Figure 1.11 illustrates the correspondence between the shape of the moon phase and its position in the sky at different times. In the first half of the lunar calendar, the moon goes from new to full (that is, from waning to waxing, from waning to full), and is located to the east of the sun. It has risen from the horizon before sunset, and appears in the sky. Therefore, there is a saying that "the sun has not set, but the moon has risen." ” argument. The new crescent moon often rises shortly after the sun rises. It appears in the western sky after dusk. The crescent moon's arc faces west, but soon disappears in the western sky. During the first quarter moon, the moon rises at noon, appears in the southern sky around 18:00, sets at midnight, arcs toward the west, and is visible in the first half of the night. At a full moon, when the sun sets on the western horizon, the moon rises on the eastern horizon and is visible all night long.

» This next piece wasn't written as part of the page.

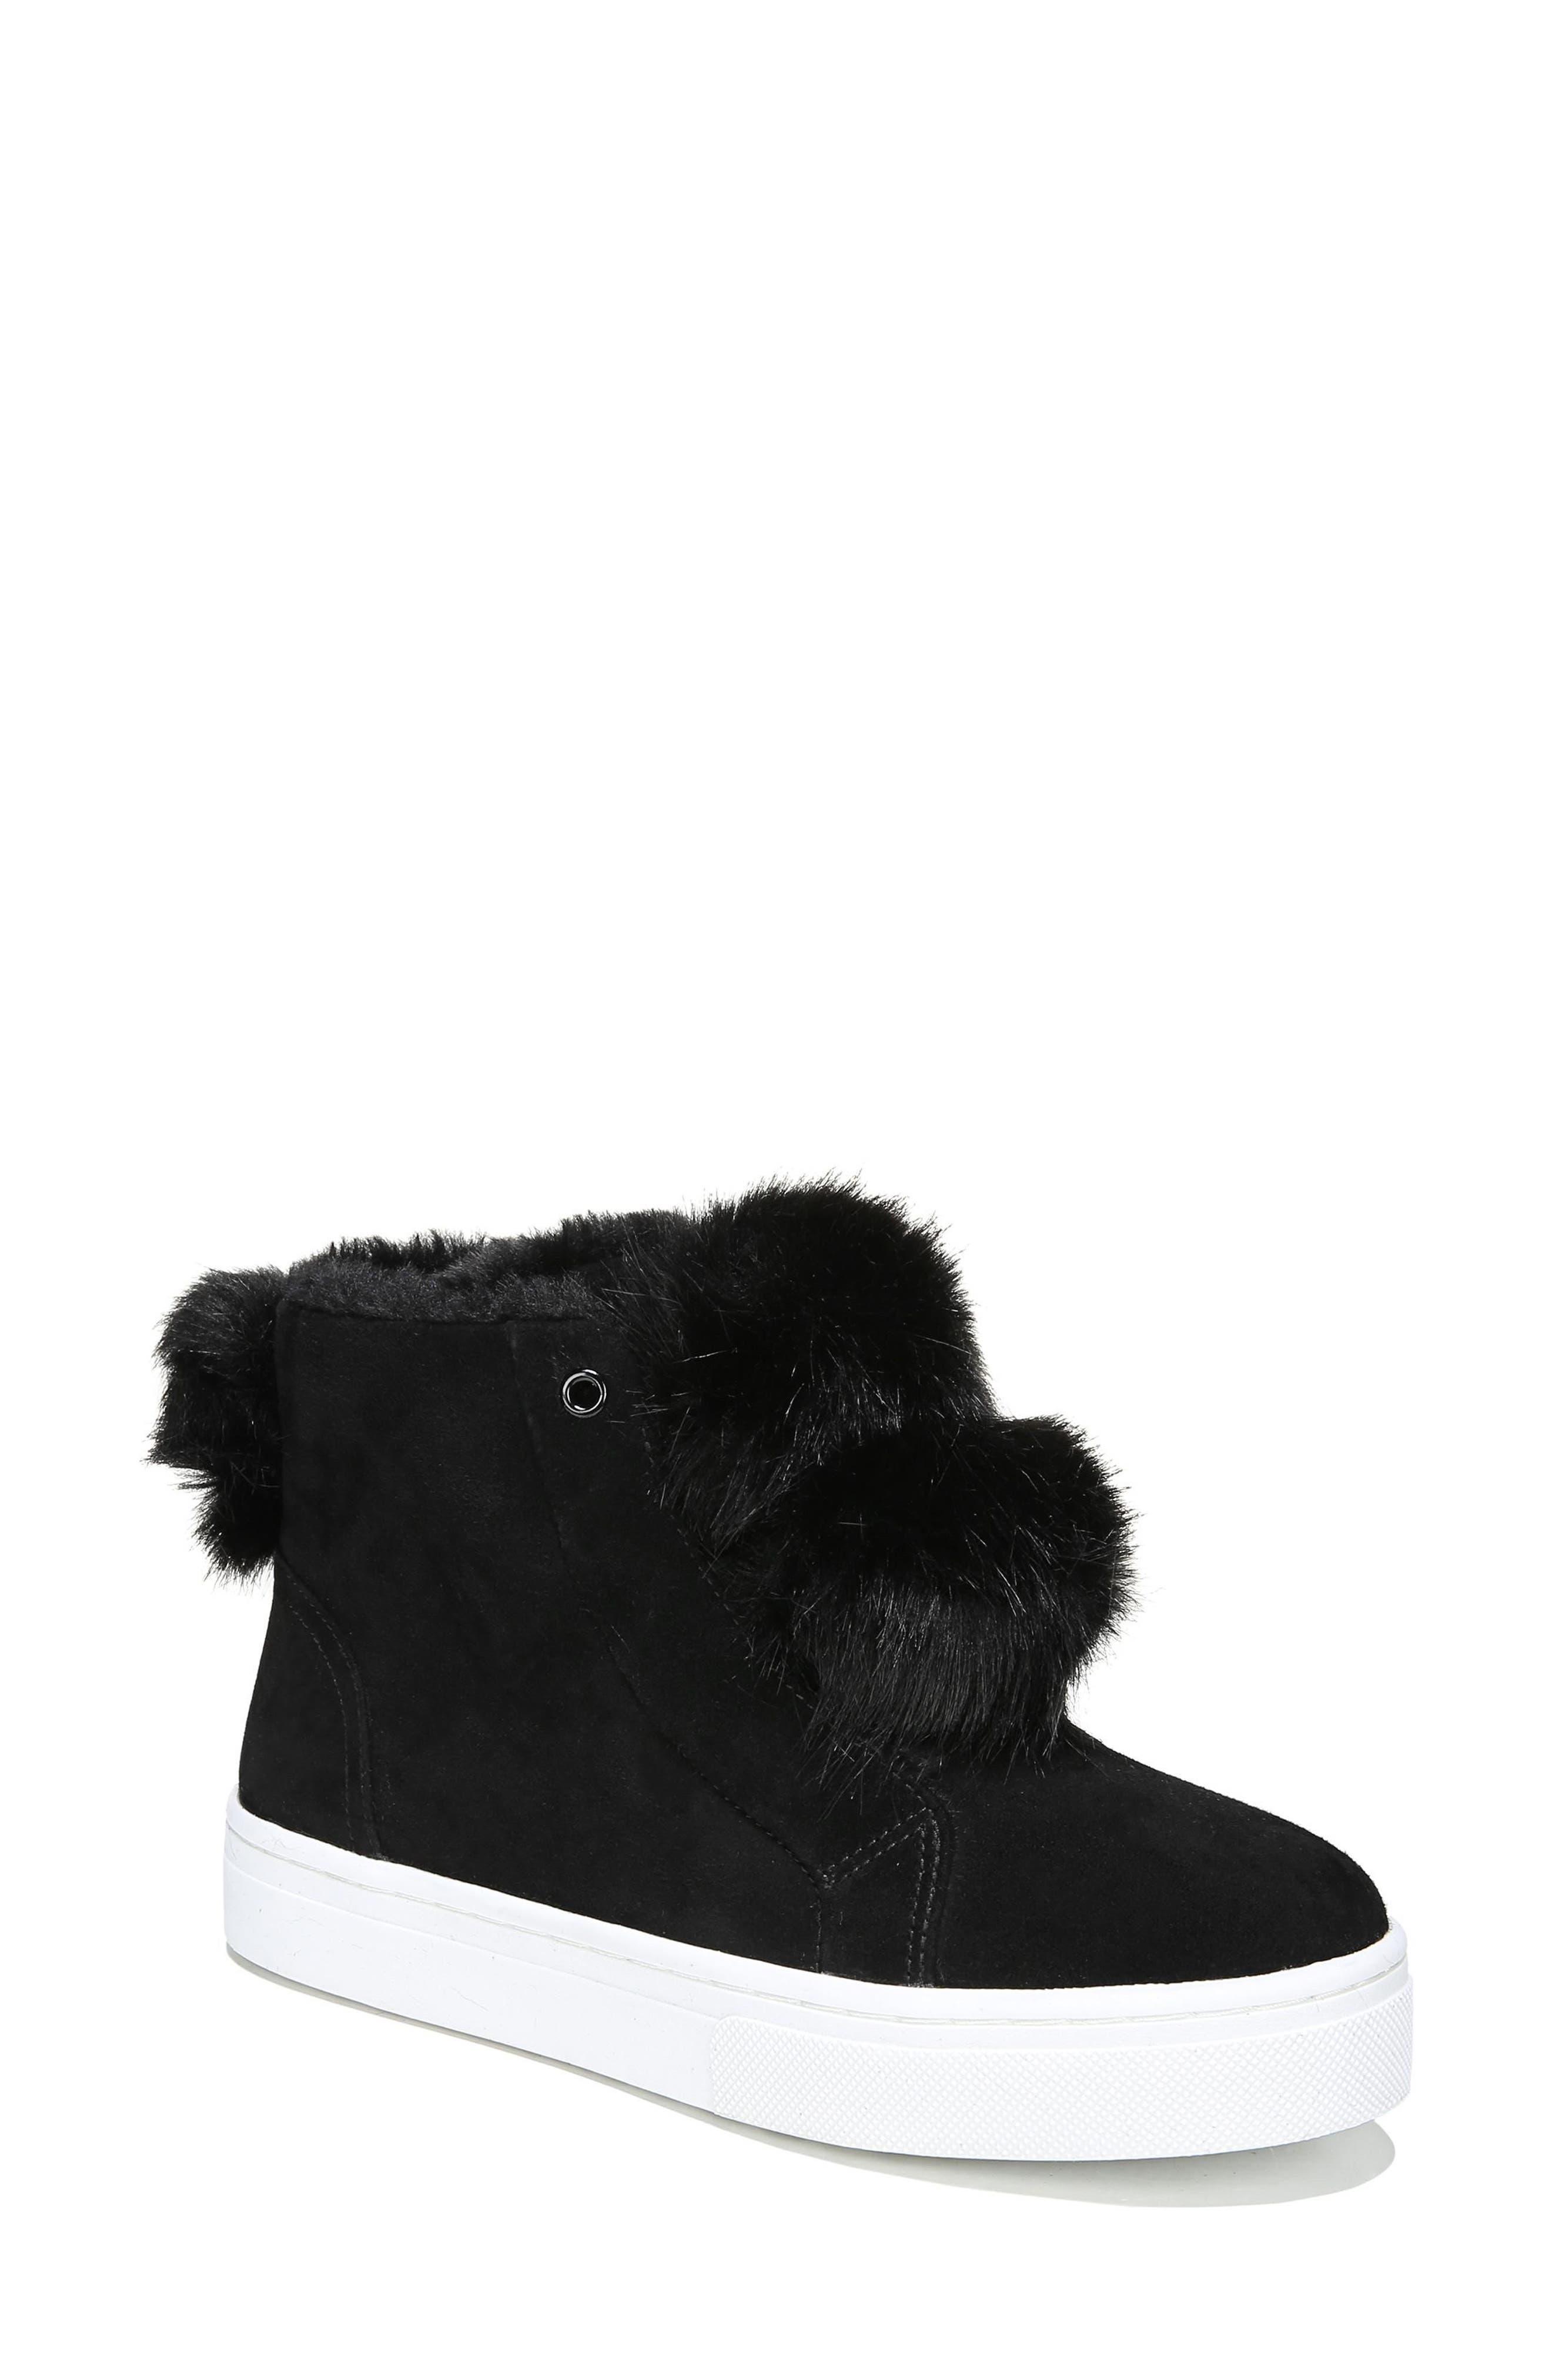 Lear Faux Fur Sneaker,                         Main,                         color, Black Suede

In the second half of the lunar calendar, the moon phase from waxing to waning is called the waning moon. The waning moon is located to the west of the sun. The moon does not set from the horizon until after sunrise, so there is a saying "the sun is gone". out, the moon has not yet set." During the last quarter of the moon, the moon appears on the eastern horizon at 24:00 midnight, sets at noon, and arcs toward the east. The crescent moon (waning moon) appears in the eastern sky before dawn. The crescent moon arcs toward the east and soon disappears in the eastern sky. It can be seen from the "moonrise" column in the table below that the moon rises later and later every day, with an average of about 50 minutes later than the previous day every day.
The table on P.10 "Activities" in the textbook is used to observe the moon phases. Teachers should ask students to observe the moon phases for a month continuously from the beginning of the lunar calendar to the end of the month, and check their observations. Record. From the beginning of the month to the full moon, you can observe the moon phase when the sun has just set, and record the moon phase and position every day. From the full moon to the end of the month, you can observe the moon phase before the sun rises, and also record the moon phase and position. Then organize observers to hold a special class meeting on the moon to achieve the purpose of applying geographical knowledge to practical teaching.